# Shark took my fish!



## BADBOY69 (Oct 3, 2007)

Was out with 'swander' and 'Pierce07' on the "Philip" when I shot a nice ARS. Nice shot so he just rolled and quivered to the bottom. A shark immediately swam up and grabbed the fish, which was still on my shaft! I was only about 6' away and started yellin' and hollerin' but the shark didn't give a rat's ass! He took off with fish, shaft, gun and all! I was able to wrestle the gun and shaft back but he won the fish! I NEVER give my fish up but these guys are getting good. Paul watched the whole damn thing from inside the wheelhouse of the tug, when I was done taking my whuppin' from the shark I swam over to him he was laughing so hard at me he was literally doubled over laughing under water! Ass! Steve was on the line and could hear me screaming and was wondering, "What's wrong with these idiots?!" We saw sharks on three outta five dives butI was only violated byonly the one at the Tug Philip! Talk about bein' robbed...somebody call 911!


----------



## Orion45 (Jun 26, 2008)

> *BADBOY69 (8/1/2009)
> 
> ...Talk about bein' robbed...somebody call 911!*


*








Obviously not a Shark Shield User.*


----------



## jim t (Sep 30, 2007)

Cool story... you've got bigger boys than I if you are shooting fish around sharks! That quivering fish is shark catnip.

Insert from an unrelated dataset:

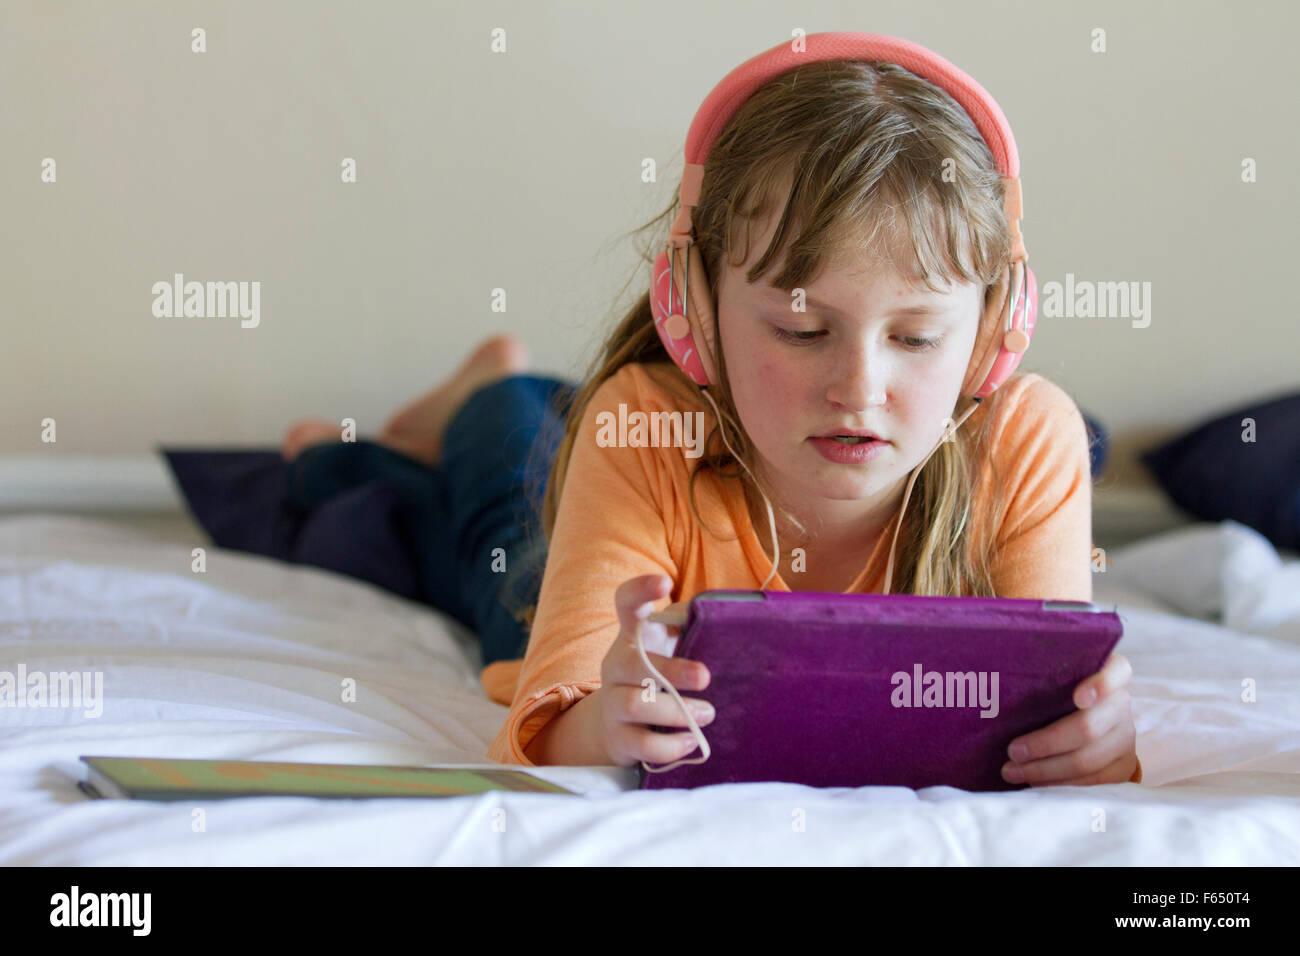 Chica trabajando en el iPad mini con auriculares rosa Imagen De Stock
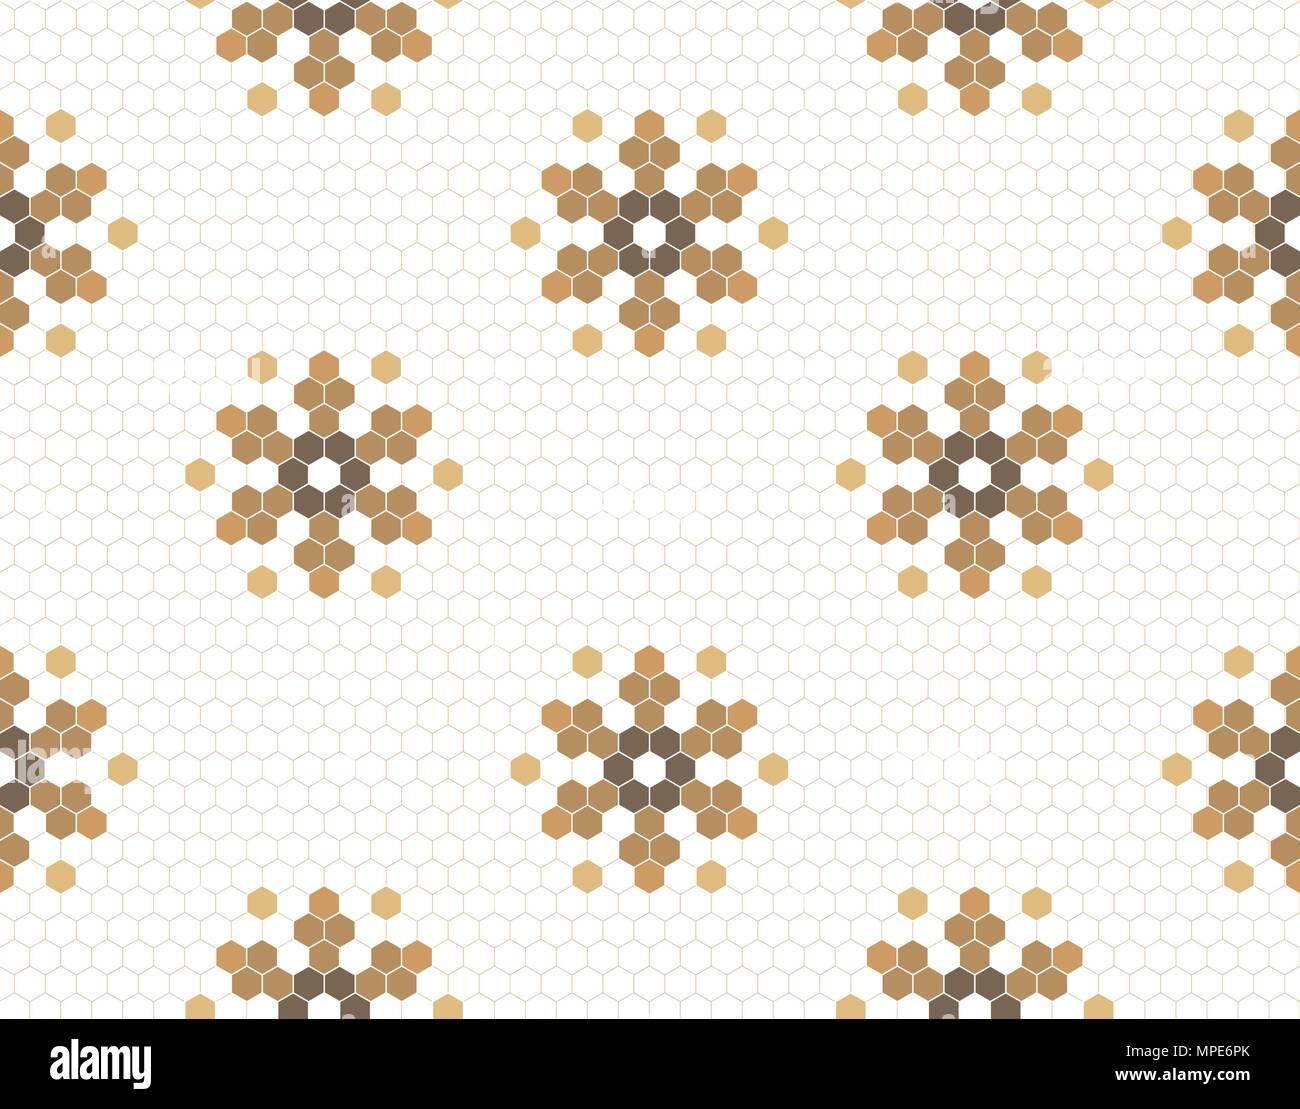 https www alamy com gold geometric pattern vector flower background modular in hexagon shape tile floors design image185938779 html

Glad it's just a good story and you got your gun and spear back.

Jim


----------



## swander (Dec 1, 2007)

Wish I would have seen it! I was going up the anchor line and actually heard Jerry yelliing underwater! Could hear Paul also. Thought you guys were just messin around. Anyway when Paul hits the surface he can't stop laughinn. When Jerry hits the surface it was on! I need to get a video camera! I don't believe any of us had seen the shark before he got his lunch.Really enjoyed the dives with you guys. Need to do it again. Steve


----------



## BADBOY69 (Oct 3, 2007)

Yeah, we need to get a camera! Had a blast and put fish in the cooler...when you get ready Steve, just let me know! BTW, how's the boat? You find your "leak"?


----------



## swander (Dec 1, 2007)

Leak was one of the water pressure gauges. The line came off. Rinsed down all me electrical and sprayed them down with Amzoil Metal Protector. We should go out again this week. Mitch wanted to fish saturday so we went to that tank and filled the cooler with red snapper. I'll find out about my schedule monday and give you a call. Steve


----------



## spear em (Oct 4, 2007)

POWER HEAD ?


----------



## HateCheese (Oct 2, 2007)

powerhead wouldn't have done anything on that one it sounds like. too quick of a theft. too bad you lost a fish, but glad you got your gun back.


----------



## BADBOY69 (Oct 3, 2007)

Steve, glad all is well with the boat! Hope you told Mitch how cool that tank was to dive...since he saw how many fish were on it maybe we can get him diving! Let me know what day we wanna run out! Paul, still don't have a story that can top your HH run-in...still they ALL have a way of reminding us that we are but mere guests down there!


----------



## Max_Power (May 11, 2009)

The redistribution of wealth applies to sharks too.


----------



## HateCheese (Oct 2, 2007)

Being guests down there is sure right. Hey, doesn't matter so long as you get to go back. Pretty funny that everyone could hear you hollerin at it, bet that had to have been loud.


----------



## Pierce07 (Nov 13, 2007)

If I wasn't down there I don't think i would've believed Jerry on this one. I'm sitting inside the tug waiting for this red grouper to poke his head out and all of a sudden i hear someone screaming. Did Jerry some how manage to shoot himself. Then I look out and see Jerry and a shark fighting over this snapper. I just laughed and went back to looking for the grouper. Jerry swims over to me and I just gave him the bird and swam off. Next thing i know Jerry's other fish is clipped to my stringer and it's off to the anchor line. We get to the surface and he's like "why didn't you put a shaft in it?" I replied "are you crazy what good would that have done?" he says "it would've left me alone,and maybe I would've got part of my fish."



Good day in diving. BTW i'm off monday thursday and saturday this week and don't have to be at work till 6 tues and wednesday. So if yall wanna go out let me know


----------



## ling-kingAR (Jun 28, 2009)

hahaha good story 

i had a story like that bud it was ont he end of my 6' polespear and it was a 4' bullshark

scared the hell out of me, but that was in port st joe

but do you know wheres a good place to spearfish in pensacola beach or pensacola without a boat or diving equipment


----------



## Rich Lacour (Sep 9, 2008)

I assume it was a bull, right?


----------